1.There should be a written request from the assessee.
2.The amount of undisputed tax, interest and penalties relating to the default should have been paid.
3.The assessee should express his willingness to pay both the prescribed compounding fees as well as establishment expenses.
4.The order passed for compounding should be passed only when compounding charges comprising of composition fee and establishment expenses are paid by the assessee/defaulter.
As mentioned before technical offences stand on a different footing from non-technical or substantive ones as is obvious from the following guidelines issued
1.All types of cases relating to technical offences are to be compounded by CCIT/DGIT.
2.There is to be no distinction between first offence and subsequent offence
3.CCIT/DGIT shall not reject an application for compounding of a technical offence, if all conditions prescribed in the guidelines are satisfied.
A non-technical offence can be compounded with the approval of the Board subject to satisfaction of the following conditions cumulatively in addition to conditions mentioned above
1.The offence is the first one by the assessee.
2.The Board's prior approval is obtained.
The guidelines also provide that in suitable and deserving case, the offence may be compounded after seeking approval from F.M.
The composition fees for compounding of various offences are as under:
Sec. 276 :- Rs. 2/- for every day during which the default continues.

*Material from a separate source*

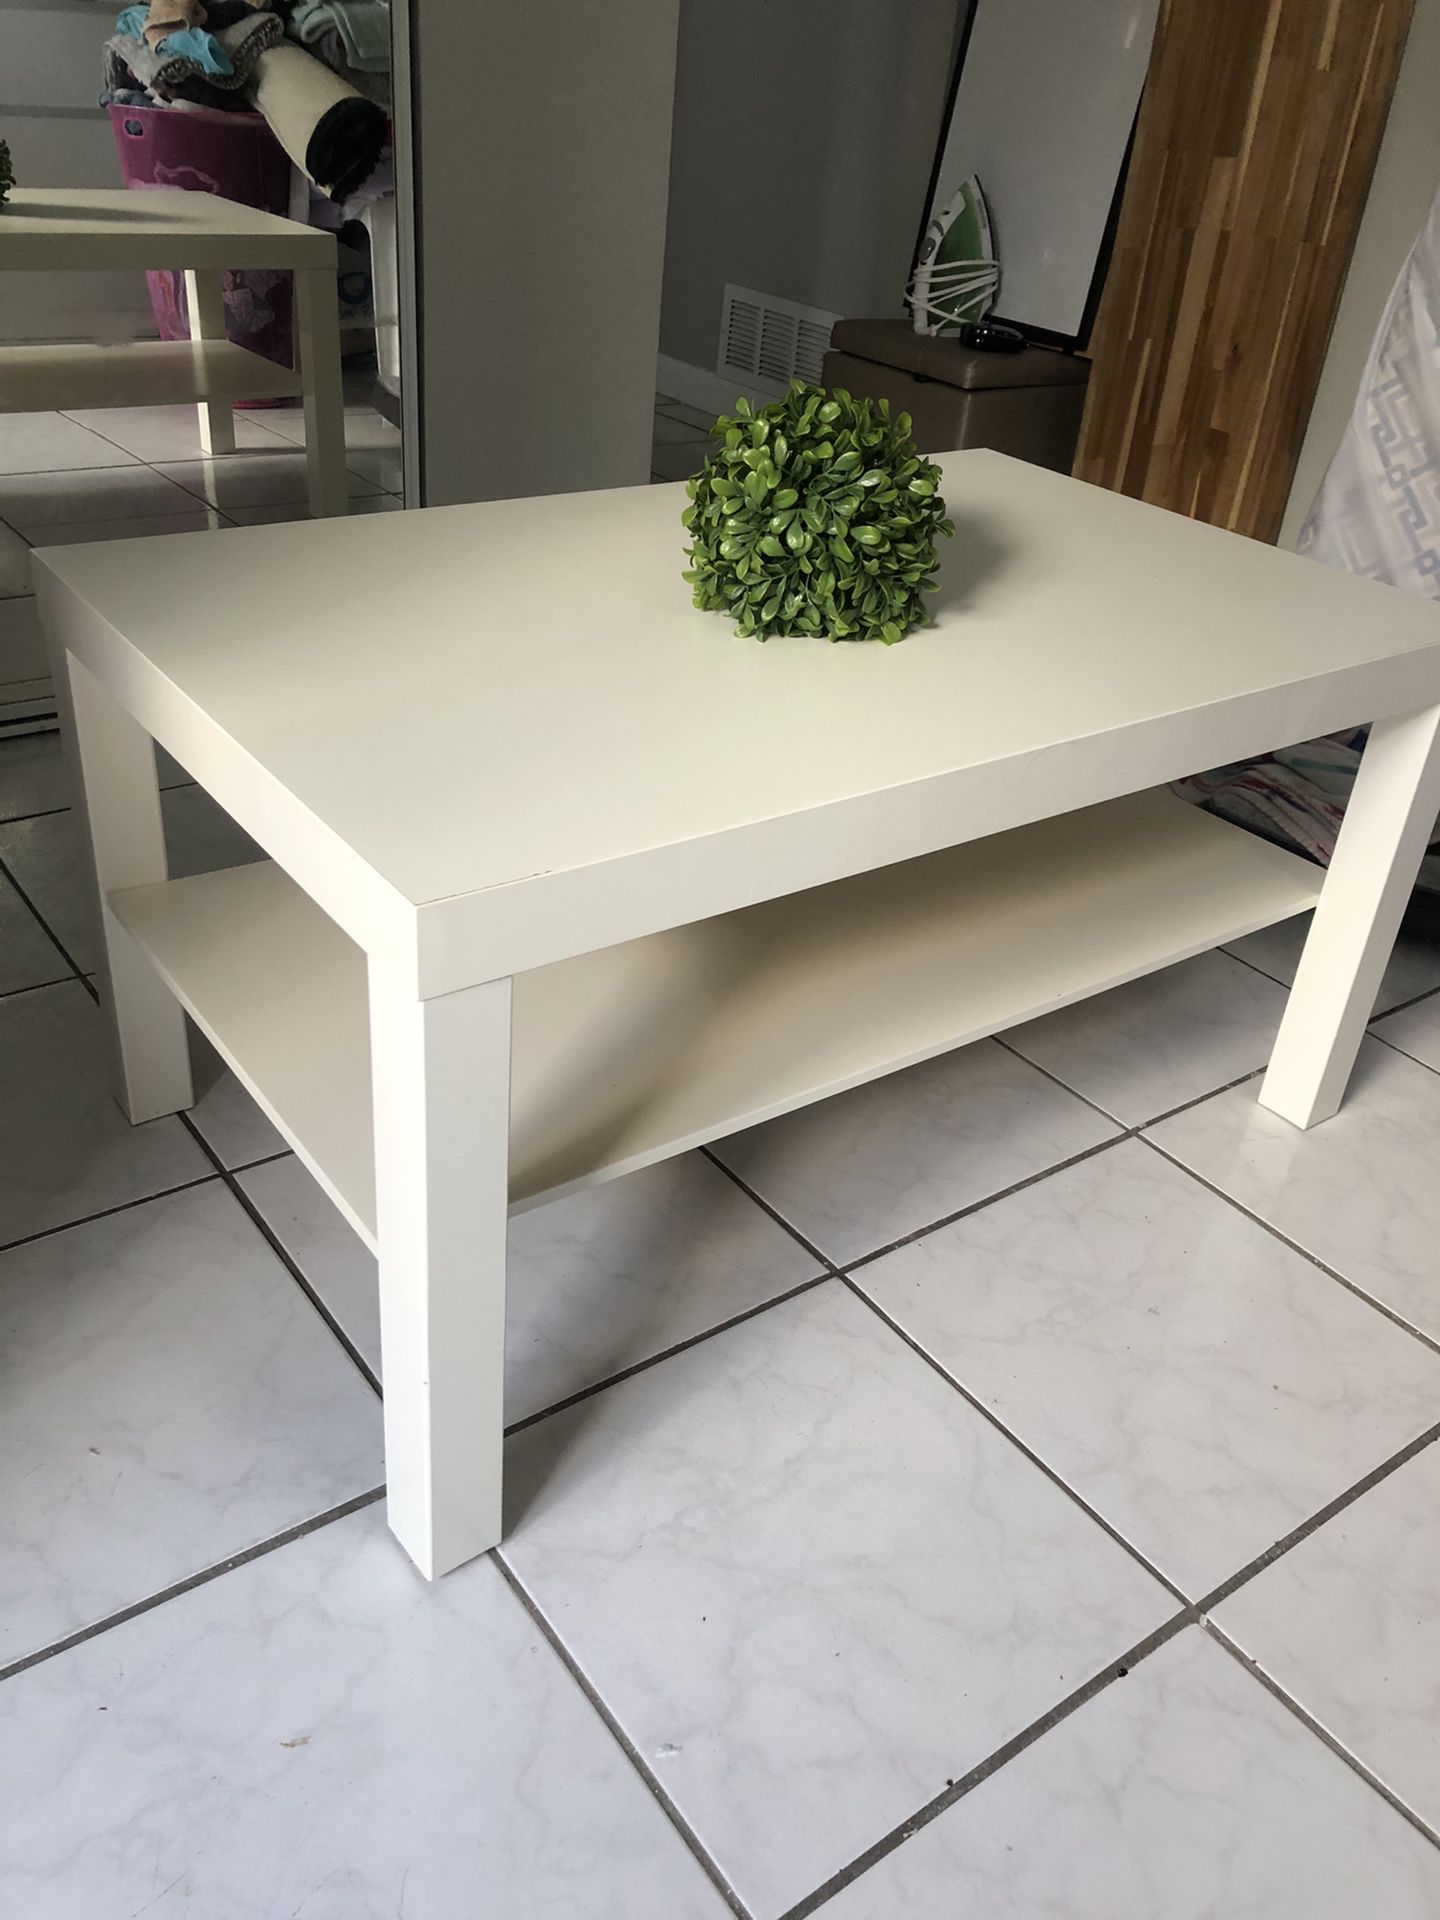 Coffee table from IKEA $20

Sec. 276B :- 2% per month of the amount of tax in default.
Sec. 276BB:- 2% per month of the amount of tax in default.
Sec. 276C(1) :- 50% of the tax amount sought to be evaded
Sec. 276C(2) :- 2% per month of the amount of tax the payment of which is sought to be evaded.
Sec 276CC:- 2% per month of the assessed tax.
Sec 277 :- 50% of the tax amount sought to be evaded
No composition fee is prescribed for other offences. However, it has been provided that the Board can consider the same on a case to case basis. The compounding charges shall also include prosecution establishment expenses which will be charged @ 10% of the composition fee subject to a maximum of Rs. 50,000/-.
Thus, compounding of an offence could only be made if a written request by way of an application is made by an assessee bringing out in the application following points.
i.The nature of offence for which prosecution is launched or proposed to be launched;
ii.The reasons and circumstances under which the offence was committed;
iii.The applicant's willingness to pay the compounding fees including the part of litigation expenses incurred by the Department till the date of compounding of the offence;
iv.Whether the applicant satisfies the requisite conditions or not.
v.Lastly there should be a prayer to compound the offence by accepting the compounding fees on getting the approval about the compounding fees by the compounding authority.
As such one can see that the Revenue has focused and modified its guidelines to attract and induce more defaulters and assesses to compound the offenses and as such the offences under the Act on today's date only exist to induce assesses to pay money instead of suffering incarceration. Though these offences exist in the statute the conviction rate for the same unearths the underlying truth that the same are mere tools empowering the revenue to threaten and extort a tax payer. The act empowers and grants sweeping powers to the CIT and CIT(A) regarding compounding and as opposed to the Criminal Procedure Code, 1973 there is no judicial supervision involved in compounding of the offences under it. By virtue of 278E defenses bases on mens rea or intent which are part and parcel of every criminal offence have been taken away thereby in fact making them statutory offenses. The same though supported by the will of the legislature is contradictory to the principles of criminal jurisprudence as the period of incarceration for some of the offences goes till a maximum period of 7 years in some cases unlike most statutory offences.